Two Bodies per Galaxy: a Ring and a Sphere
Reducing each galaxy to a single ring (disk+gas) and a single sphere (bulge), and looking at the differential
Each galaxy is collapsed to two objects: a ring carrying the disk+gas mass at a single characteristic radius, and a sphere of fixed density carrying the bulge. Comparing each real component velocity to this reduced model, two regularities appear across the calibration galaxies: the disk+gas differential rises to a maximum near R/R_ring ≈ 1 — exactly where the ring is placed — and the bulge differentials all peak at the same place, near R/R_ring ≈ 0.2–0.3. The components organize themselves around the model, not randomly.
1. The reduction
We strip each galaxy down to its essentials — two bodies, each with one mass, one radius, one velocity:
SPHERE (bulge): one universal density ρ = 4.08×10⁸ M☉/kpc³ → R_bulge = (3M_bulge/4πρ)^(1/3), V_bulge = √(G·M_bulge/R_bulge)

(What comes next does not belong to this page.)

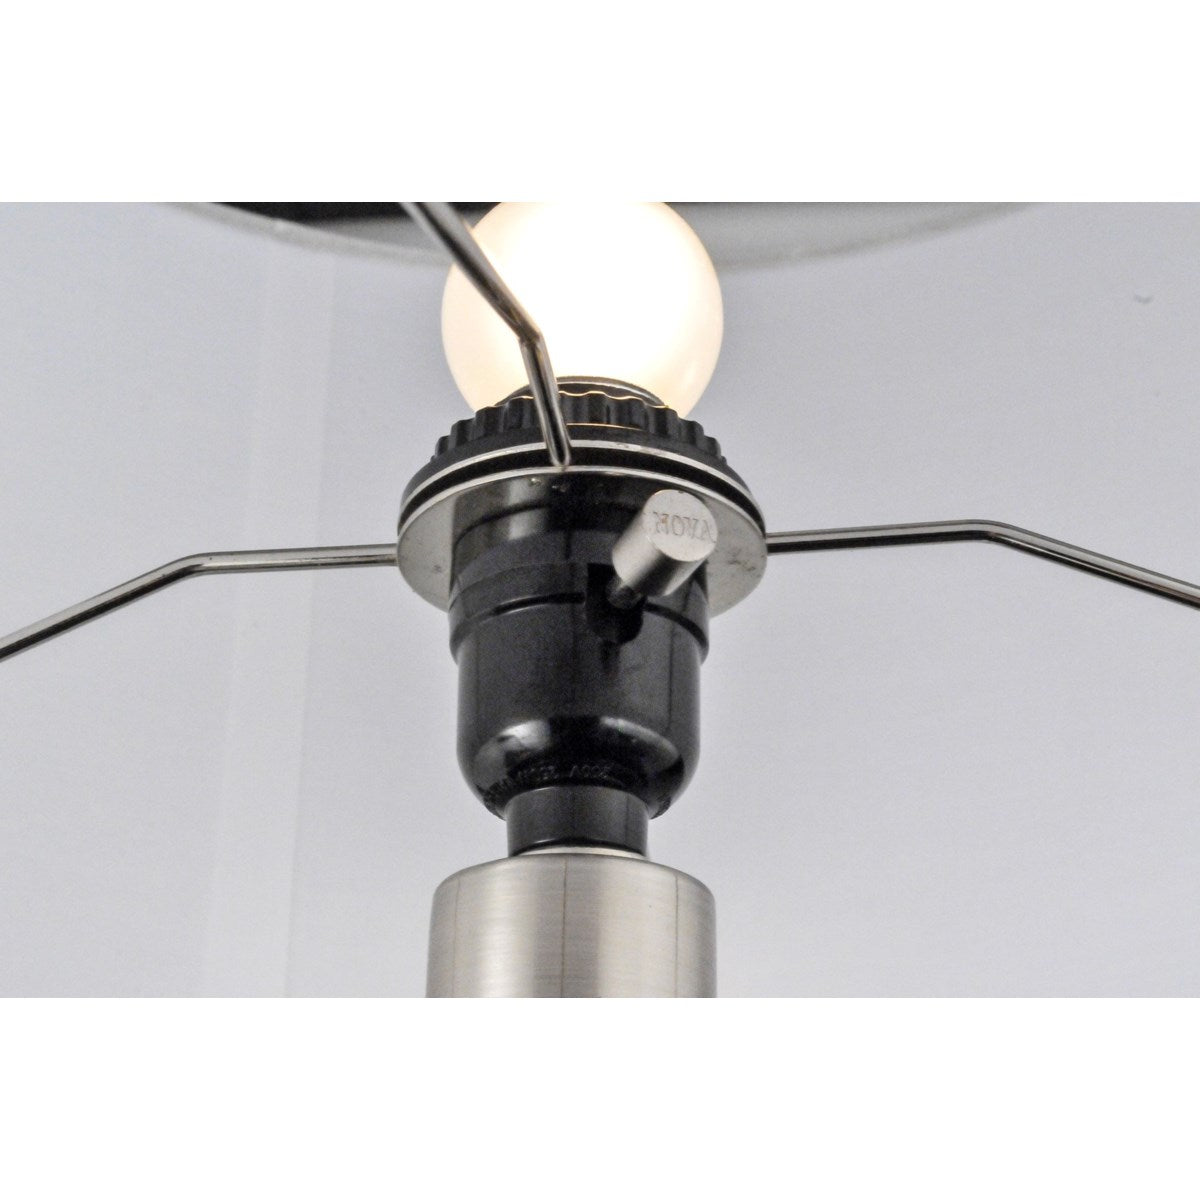 Tracey Ring Table Lamp Charcoal Gray - Nova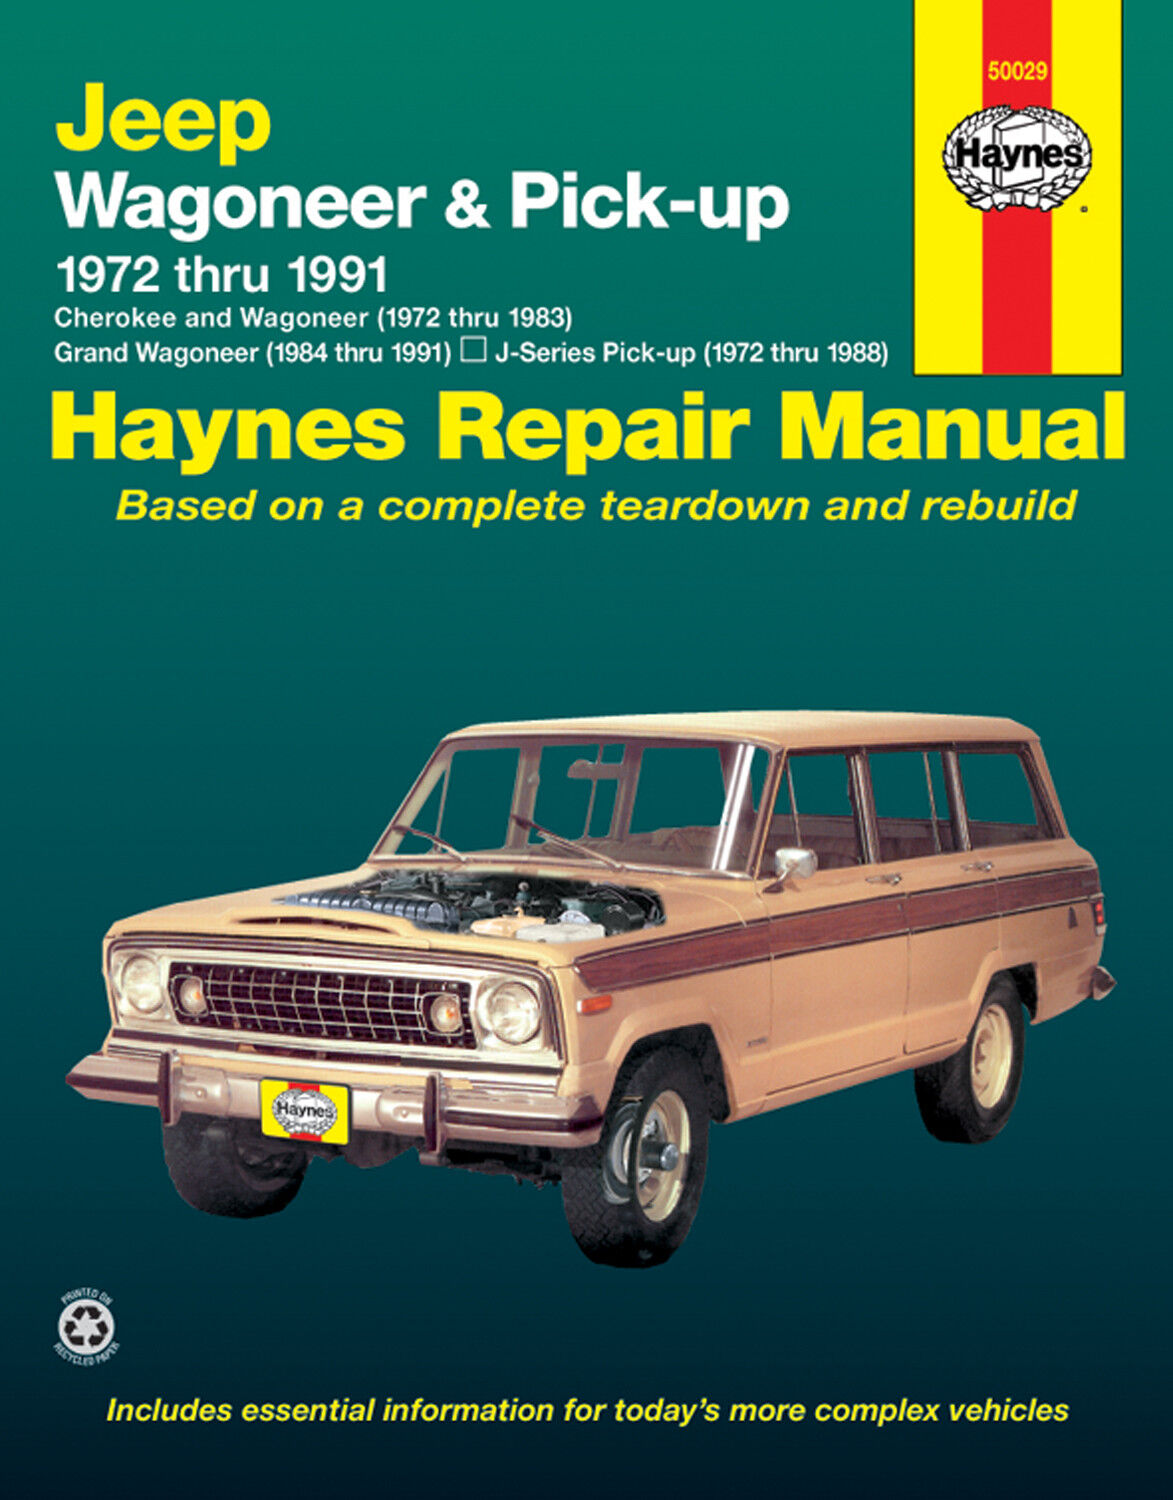 Haynes Repair Manual 50029 Jeep Wagoneer & Pick-up Service Book for 1972-1991

The bulge density is fixed at the median of the SPARC bulges, so the sphere has no free parameter per galaxy: its size follows from its mass alone. The disk becomes a single ring at the radius where, on average, its mass sits.
2. The differential
For each component we plot the real rotation velocity minus the velocity of its reduced model, against normalized radius. A flat zero line would mean the reduction is exact; departures show where and how the real, extended matter differs from its idealized one-radius stand-in.
3. What the two patterns say
The differential is offset below zero — a known consequence of the reduction: a ring that concentrates all the disk mass at one radius produces a higher circular velocity than the same mass spread out, so the real, extended matter sits below it. But the shape of the offset is the signal:
Disk+gas: the curves are not flat — they rise toward a clear maximum around R/R_ring ≈ 1. The reduced ring is closest to the real disk precisely at the radius where the ring is placed, exactly as it should be. The single-radius approximation is at its best where the mass actually concentrates.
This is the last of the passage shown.